Garak didn’t rebut him by saying he wasn’t worrying, which surprised Julian almost as much as the first name thing. Instead, the Cardassian just looked at Julian with some unidentifiable emotion showing in his eyes.

“It just happens sometimes,” he admitted. “Sometimes more often than I’d like.”

Garak nodded. “And what causes these… episodes?”

“They’re called meltdowns. It’s part of being autistic, needing the right kind of stimulation in the right amounts. This one was particularly bad. I don’t usually have very many self-injurious stims.” He pulled away from Elim and looked down, slightly ashamed. He knew he couldn’t help having meltdowns but he still felt somewhat responsible for taking up Garak’s time and acting ‘like a child,’ as some others would say.

Garak leaned back to get a better look at the doctor, questions in his eyes.

“Go ahead,” said Julian. “You can ask. I know you have questions.”

It was Garak’s turn to blink. “Very well. First, how come your… alterations did not eliminate it? I believe you said at one point that autism is a genetic disorder?”

Julian sighed. This was going to be a long night. “Yeah, my parents asked that question a lot, too. Not every genetic augmentation goes exactly as planned. In fact, most don’t. I’m lucky that it didn’t do something to me that would preclude me from functioning in society at all. I was autistic before the augmentation, and I’m autistic after. They made lots of things ‘better,’ but they didn’t manage to eliminate those particular genes. In fact, it’s actually harder to deal with now than it might have been without the augmentations. Sensory overload is… so much worse when you have superhuman senses.” He shuddered, remembering.
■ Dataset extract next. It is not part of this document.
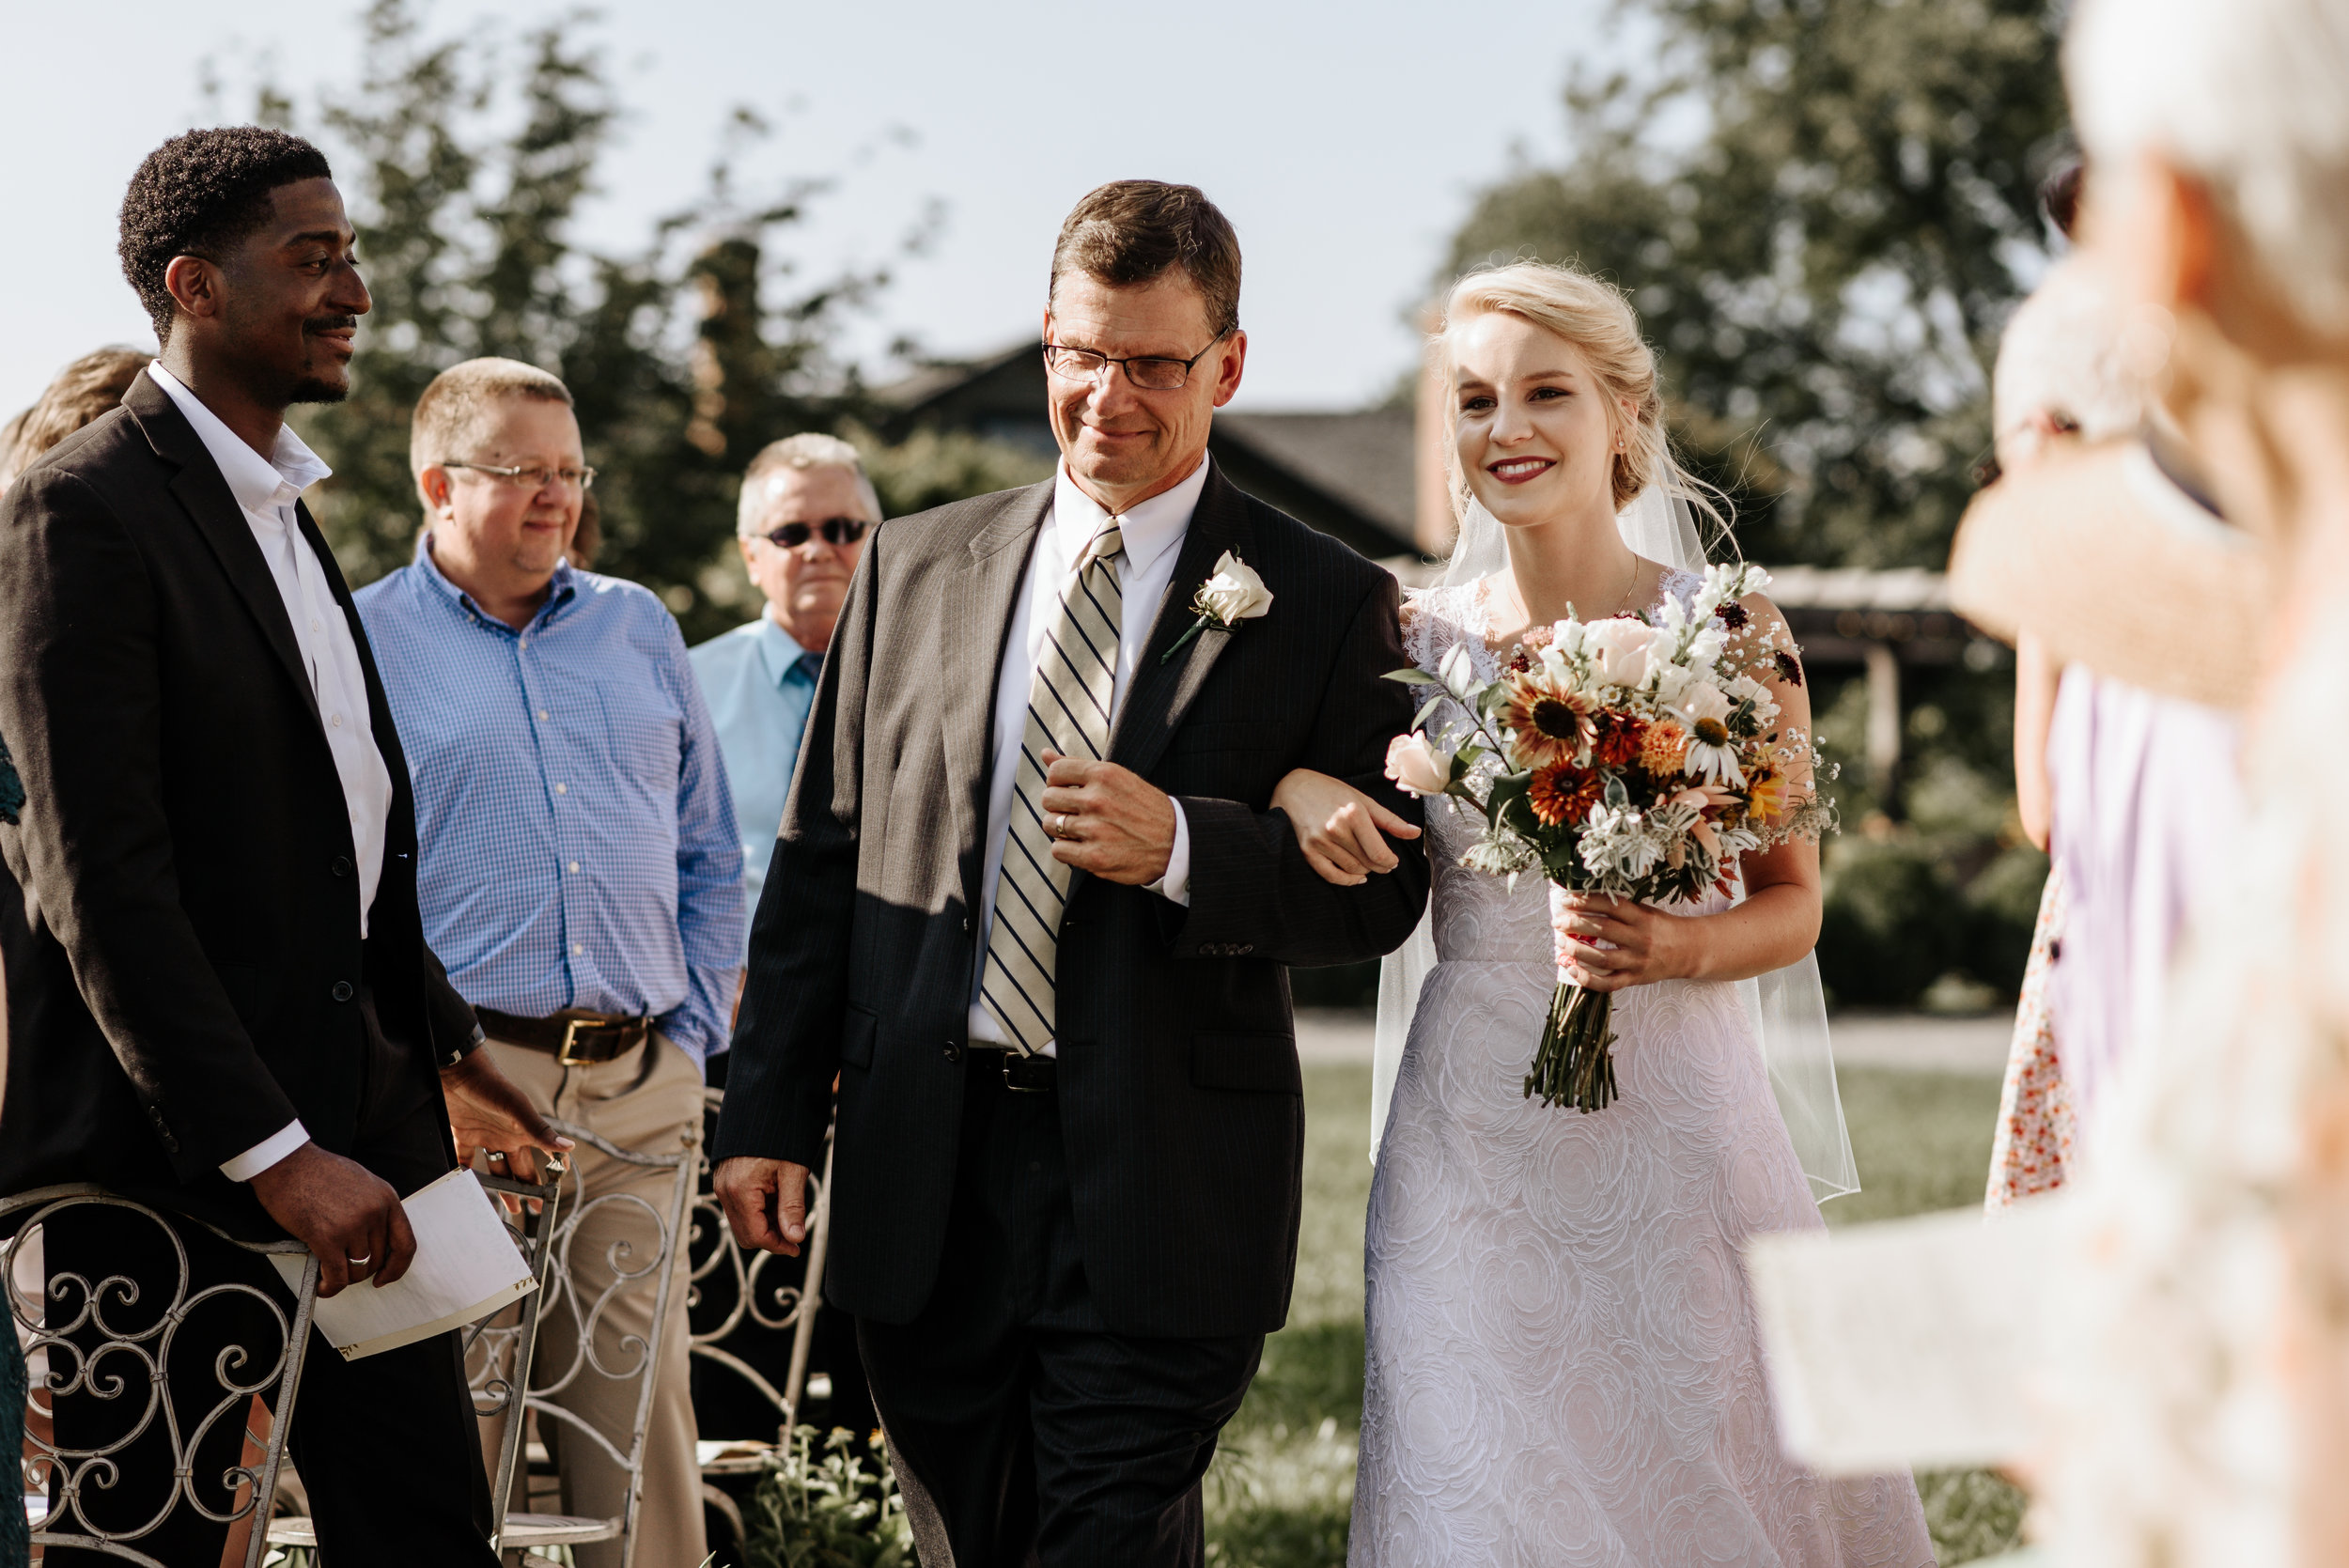 Lauren-Trell-Wedding-Market-at-Grelen-Virginia-Photography-by-V-0077.jpg

Garak nodded, but didn’t speak for a moment or two. Eventually, he asked another question. “And why do you look as though you feel you have failed at some important task?”

“Because I feel like I did. I know it’s not my fault. I know it’s just a part of me like anything else, but my parents, my teachers, every adult in my life before I joined Starfleet told me that I shouldn’t ‘behave like a child,’ when I would have a meltdown or shutdown.”

At Garak’s inquisitive look, he clarified. “A shutdown is sort of like a meltdown, but instead of turning outward, I turn inward. Go non-verbal, sit in unmoving silence for minutes or hours. Anyway, even though I’ve been away from them for over a decade, it’s hard to fight what was ingrained into you as a child. ‘Don’t squirm, Jules. Don’t fidget. You can’t bring Kukalala everywhere with you, Julian, you’re not a toddler. Don’t waste our time with your antics. Stop behaving so poorly.’” To his utter horror, Julian felt tears slipping down his face.

To his credit, Garak did not speak right away. Instead, he reached over and gently wiped the tears from the doctor’s flushed cheeks. He then slowly pulled Julian to his chest, hugging him firmly.

“Never be ashamed of your difficulties. You taught me that in the camp. No, don’t look at me like that. Even if I don’t exactly ‘practice what you preach,’ I believe is the Terran phrase, it doesn’t mean I don’t understand what you’re saying.”

Julian had indeed turned his head to look at Garak incredulously. He turned it back so he could feel the cool scales-skin on his cheek and inhaled deeply, the warm, slightly spicy scent of his friend calming him further.

Eventually, Garak spoke again. “Final question, for the moment. What would you like to do now?”

Julian took a deep breath before looking up into Garak’s face. “Right now, Elim, I want you to kiss me, and then I want to lay here and cuddle with you until I fall asleep.”

Garak looked slightly taken aback at the abruptness of the proposal, but his expression quickly changed to something sweeter.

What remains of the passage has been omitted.